Next: Go to the school library and search your topic. Look at an online paper and then check out a book on your subject. This should take up to 90 minutes, so plan accordingly. Well, okay but I guess that means I'll have to return the books I checked out for the LAST research paper I did so I can start all over the learn how to use a library.  That was the research paper that brought me to the Central Valley of California, to Salinas, to the National Steinbeck Center, to a rainy morning in the archives with files everywhere, pictures everywhere, information everywhere and two hours with the Center's Volunteer Archivist, a fascinating and friendly man named Herb who says he's "not a Steinbeck scholar" but, for my money, is selling himself short. This is the paper that was 4500 words and I had to force myself to stop, the paper I eventually want to expand into a thesis, a dissertation and a book, the paper that was supposed to be about Steinbeck and the Great Depression and ended up being about Steinbeck the journalist because I became completely immersed in a series of newspapers articles I previously was only vaguely aware even existed.

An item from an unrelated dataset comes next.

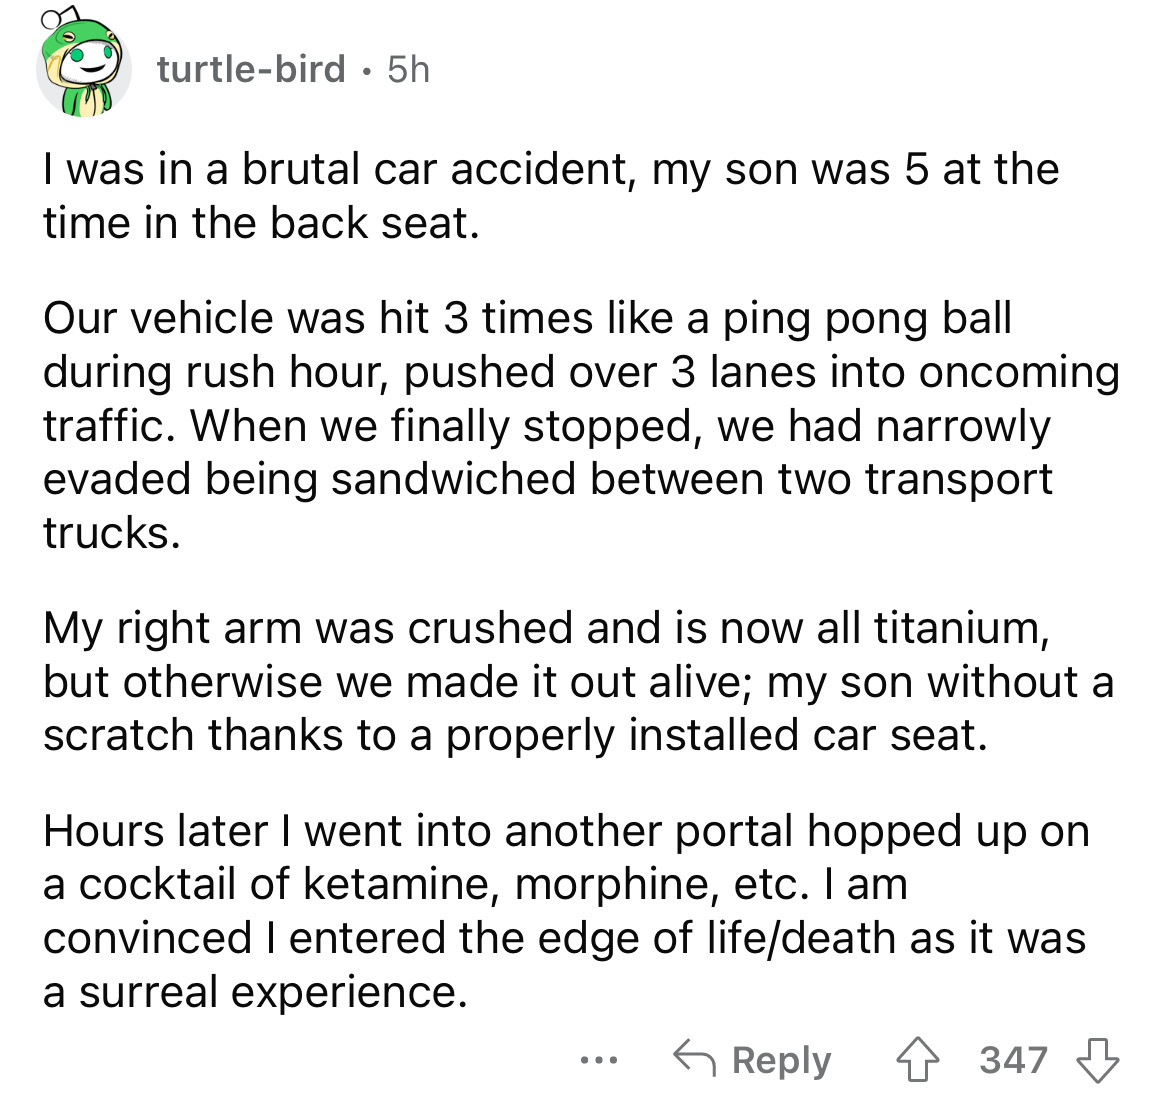 angle - turtlebird 5h I was in a brutal car accident, my son was 5 at the time in the back seat. Our vehicle was hit 3 times a ping pong ball during rush hour, pushed over 3 lanes into oncoming traffic. When we finally stopped, we had narrowly evaded bein

But only if I can master checking books out of a library first. Oh, and learning how to write, I have been informed I have no "writer's voice" and my grammar and vocabulary are atrocious and need improvement and it would "behoove" me to learn these methods of study. In the first place, Syllabus is so badly worded it takes two readings to figure out what, exactly, the guy means, he uses WAY too many articles and words like "behoove." I'm not Steinbeck, but dude, I'm better than THAT. Perhaps this is what age brings, the arrogance to say things like "I'm better than that."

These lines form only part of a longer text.